Rajd Wiedeński wyruszy z Warszawy 8 września. Jego trasa wiedzie na południe Europy. Motocykliści przejadą m.in. przez Łódź i Brzeziny, gdzie podczas I Wojny Światowej rozegrała się jedna z największych bitew. "Zniewoleni Polacy wcieleni do zaborczych armii stanęli naprzeciw siebie. Następnie Kraków, gdzie spotkamy się z motocyklistami z Rajdu Katyńskiego, potem Esztergom-Parkany, aż do Wiednia, aby wspólnie uczcić zwycięstwo sprzed 330 lat" – powiedział komandor Rajdu Wiedeńskiego Michał Nowak.
Na pole bitwy polsko-tureckiej, w której wojska króla Jana III Sobieskiego pokonały Turków, motocykliści dotrą 12 września, w dniu 330. rocznicy bitwy. Motocykliści przejadą wówczas historyczną trasą przemarszu wojsk Sobieskiego (Wiedeń-Tulln-Brno-Ołomuniec).
Kolejny rajd - Ponary ma na celu uczczenie pamięci blisko 25 tys. osób - polskiej inteligencji, młodzieży, harcerzy, którzy podczas II wojny światowej zginęli z rąk Niemców przy współpracy z litewskimi ochotnikami. Jak powiedział komandor Rajdu Ponary Marcin Gałecki, celem rajdu jest przypominanie wydarzeń z lat wojny i przywrócenie pamięci tym, którzy oddali tam swoje życie.
Po raz czwarty motocykliści pojadą też do Huty Pieniackiej na Ukrainie - wioski, w której polska ludność cywilna w 1944 roku została wymordowana przez 4. Pułk Policji SS składający się z ukraińskich ochotników do SS-Galizien przy udziale UPA i Ukraińców z sąsiednich wiosek. "Motocykliści, podobnie jak w latach ubiegłych, spotkają się tam z potomkami pomordowanych oraz tymi, którzy zdołali się uratować" - podkreślił komandor Rajdu Huta Pieniacka Adam Świtalski.

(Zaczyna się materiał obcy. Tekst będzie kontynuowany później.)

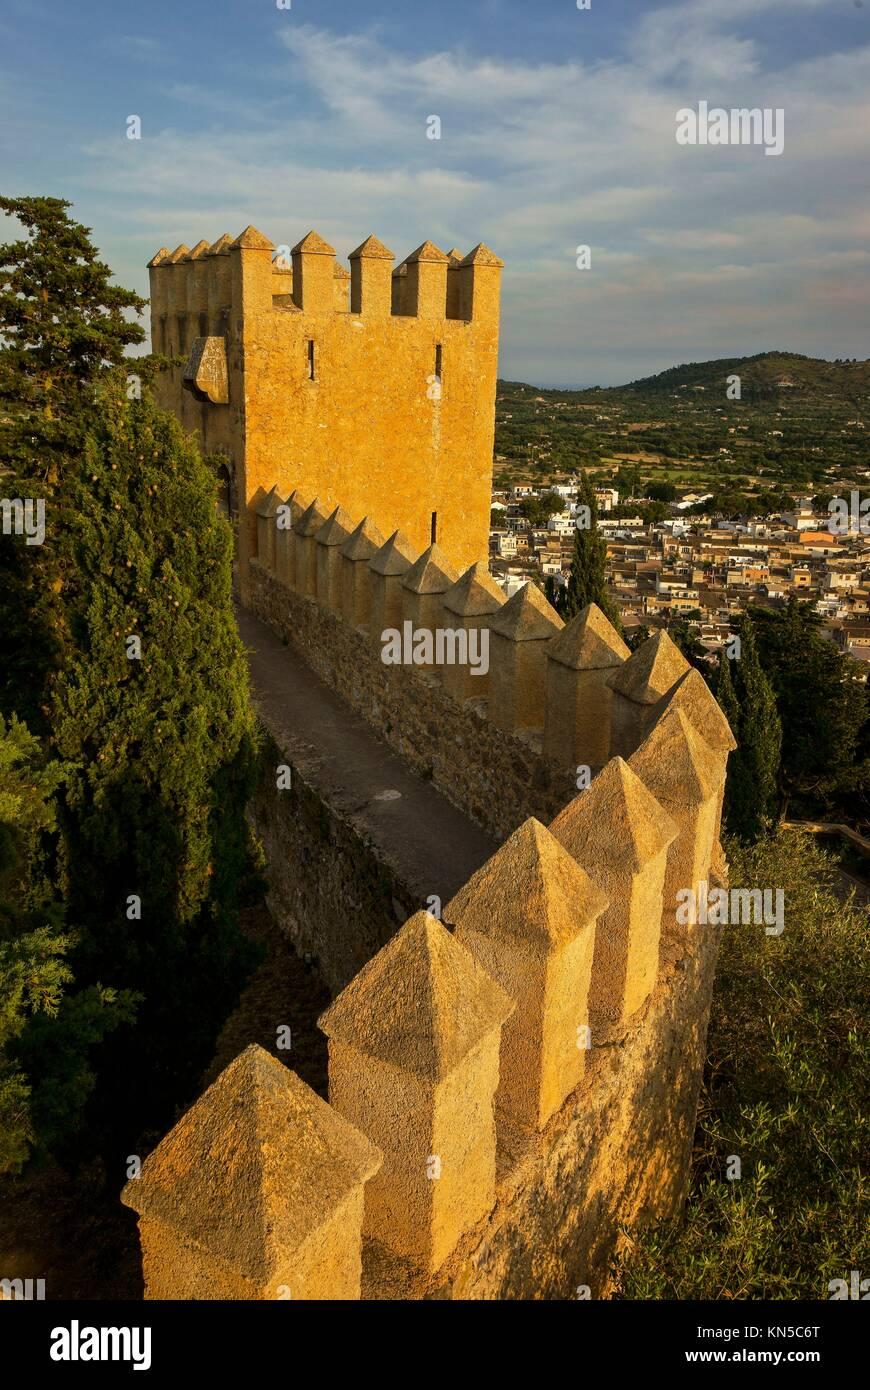 Torre de Sant Miquel, Sant Salvador de S´Almudaina, XIV. Arta. Mallorca century. Balearic Islands. Spain. - Stock Image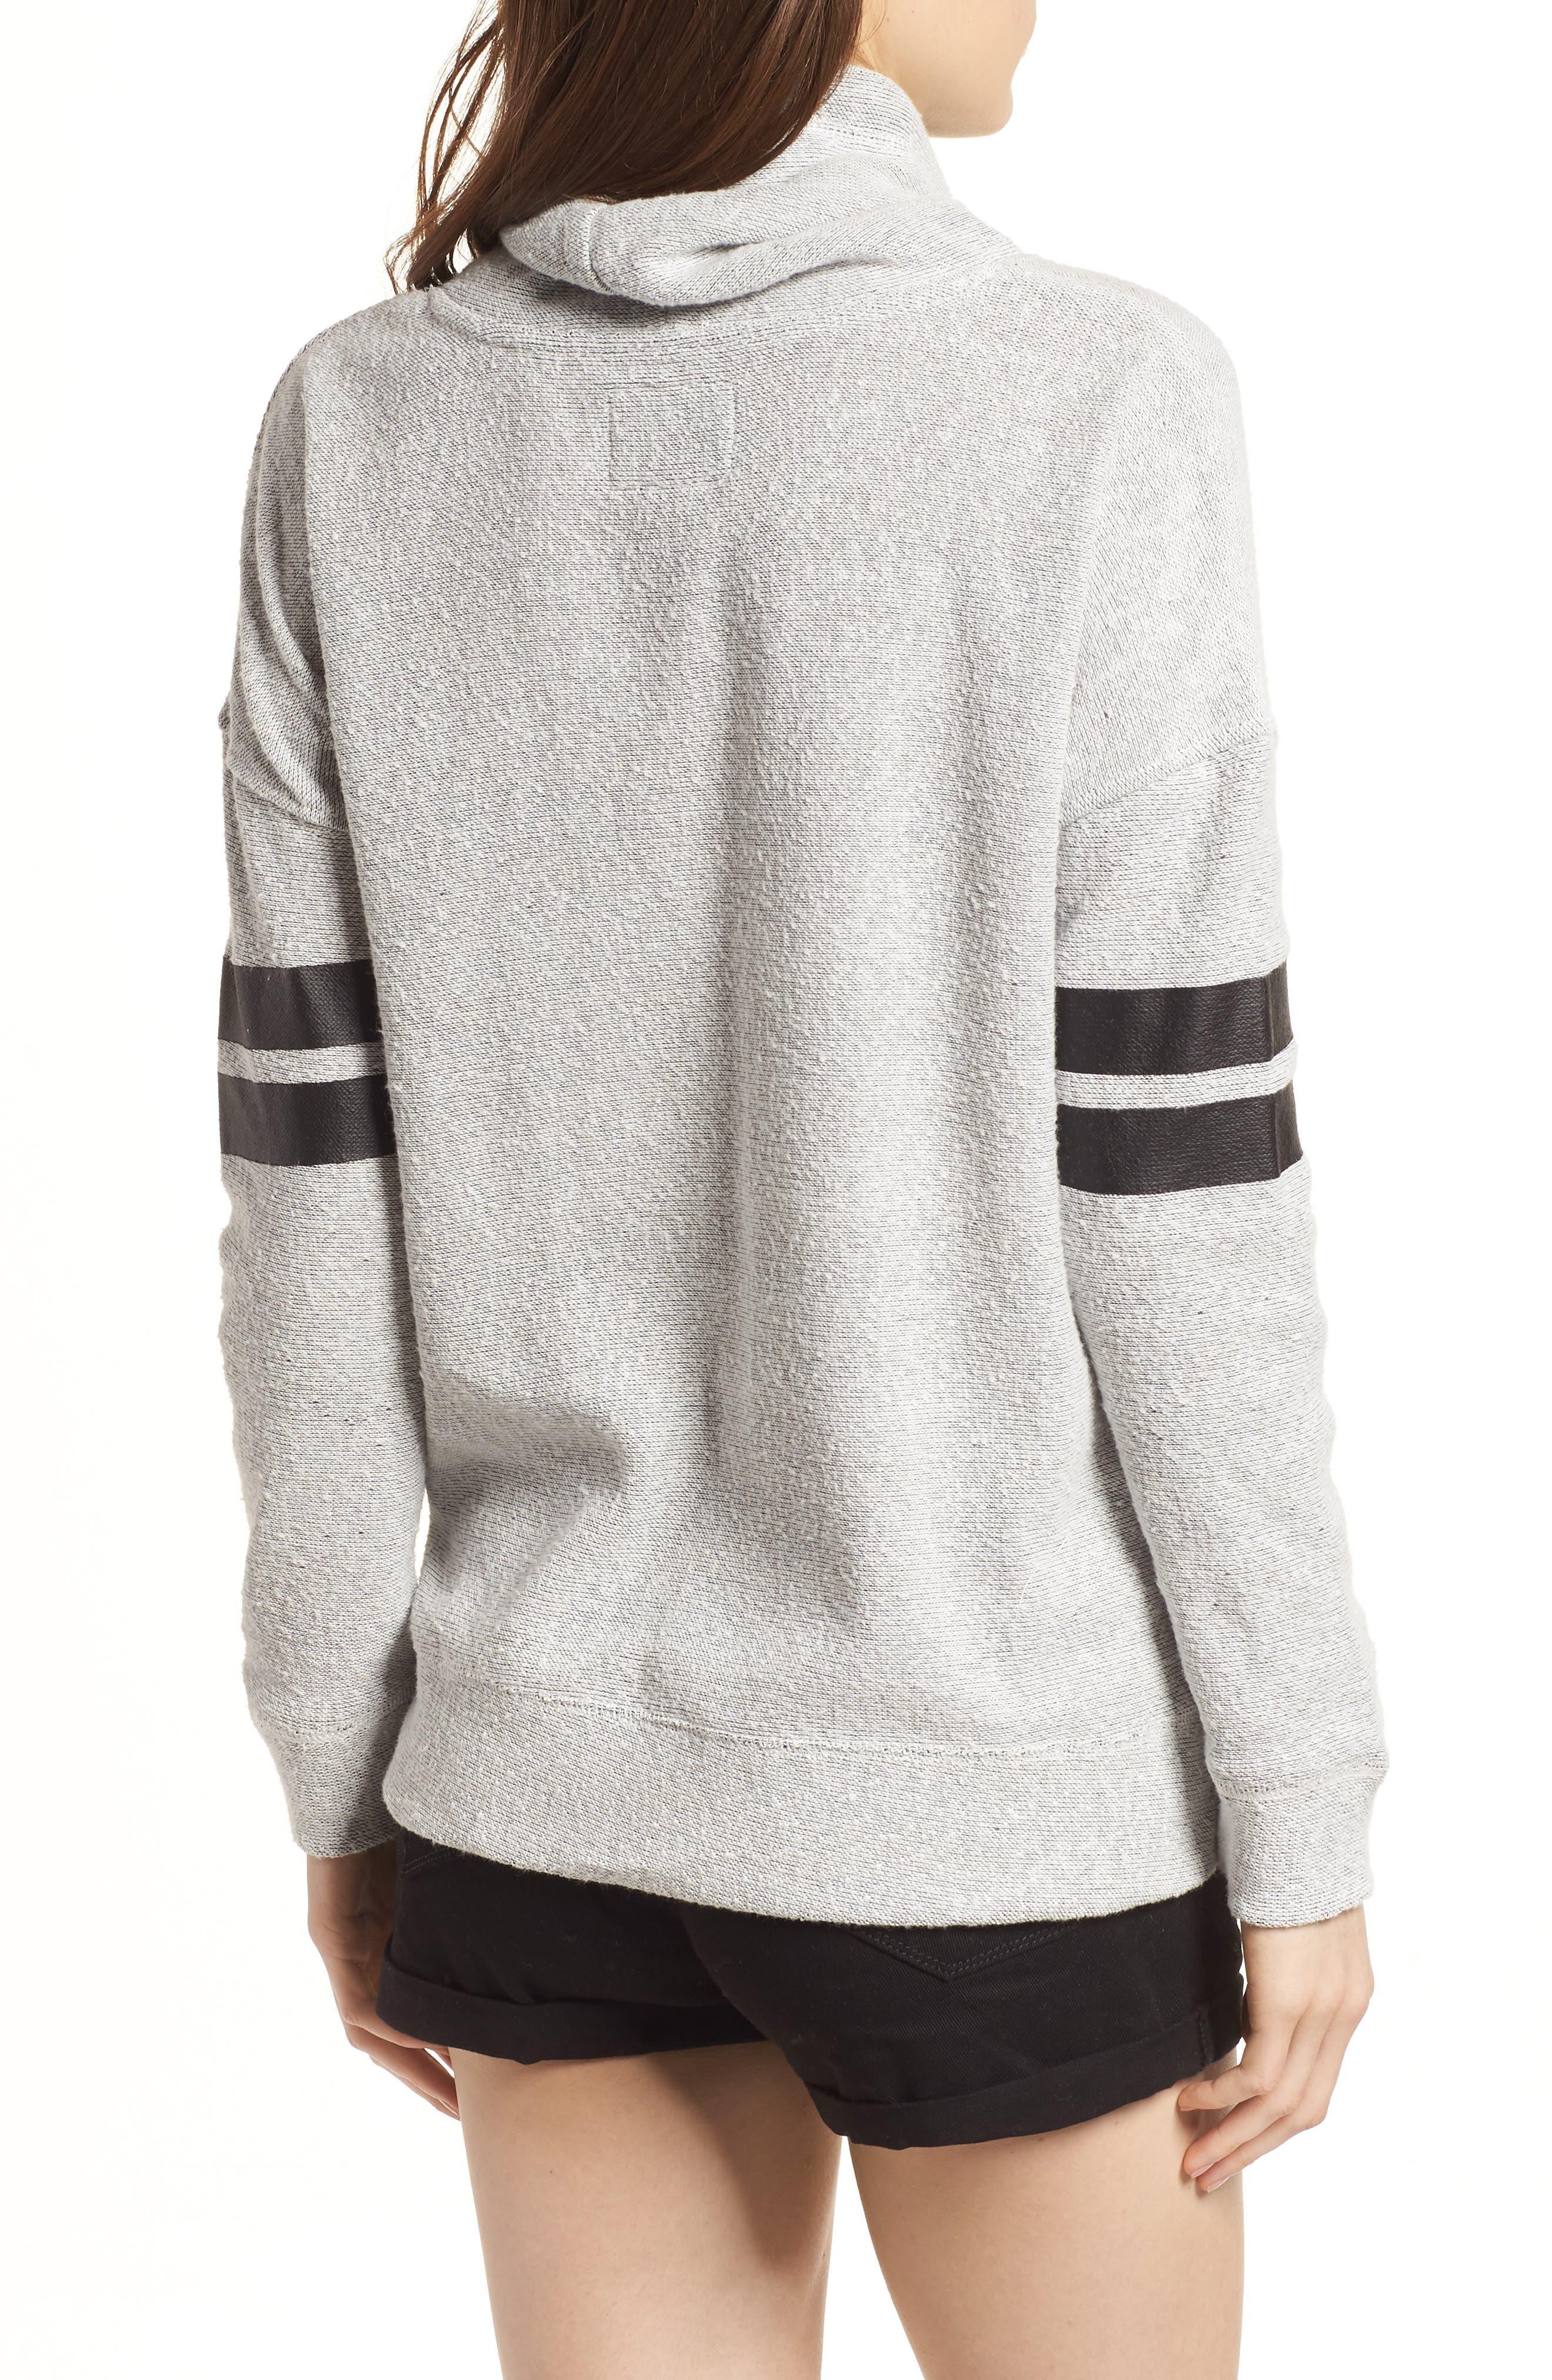 Offsides San Francisco Giants Funnel Neck Sweatshirt,                             Alternate thumbnail 2, color,                             Pumice Grey

Stowarzyszenie Międzynarodowy Motocyklowy Rajd Katyński ma na celu organizowanie rajdów motocyklowych do miejsc mordu i pochówku patriotów polskich. Głównymi celami Stowarzyszenia jest pielęgnowanie tradycji narodowych, ale także udzielanie pomocy Polakom na Wschodzie (na terenie byłych republik ZSRR). Środki na ten cel zbierane są podczas zlotów motocyklowych im. Księdza Zdzisława Peszkowskiego, a także od darczyńców z całej Polski.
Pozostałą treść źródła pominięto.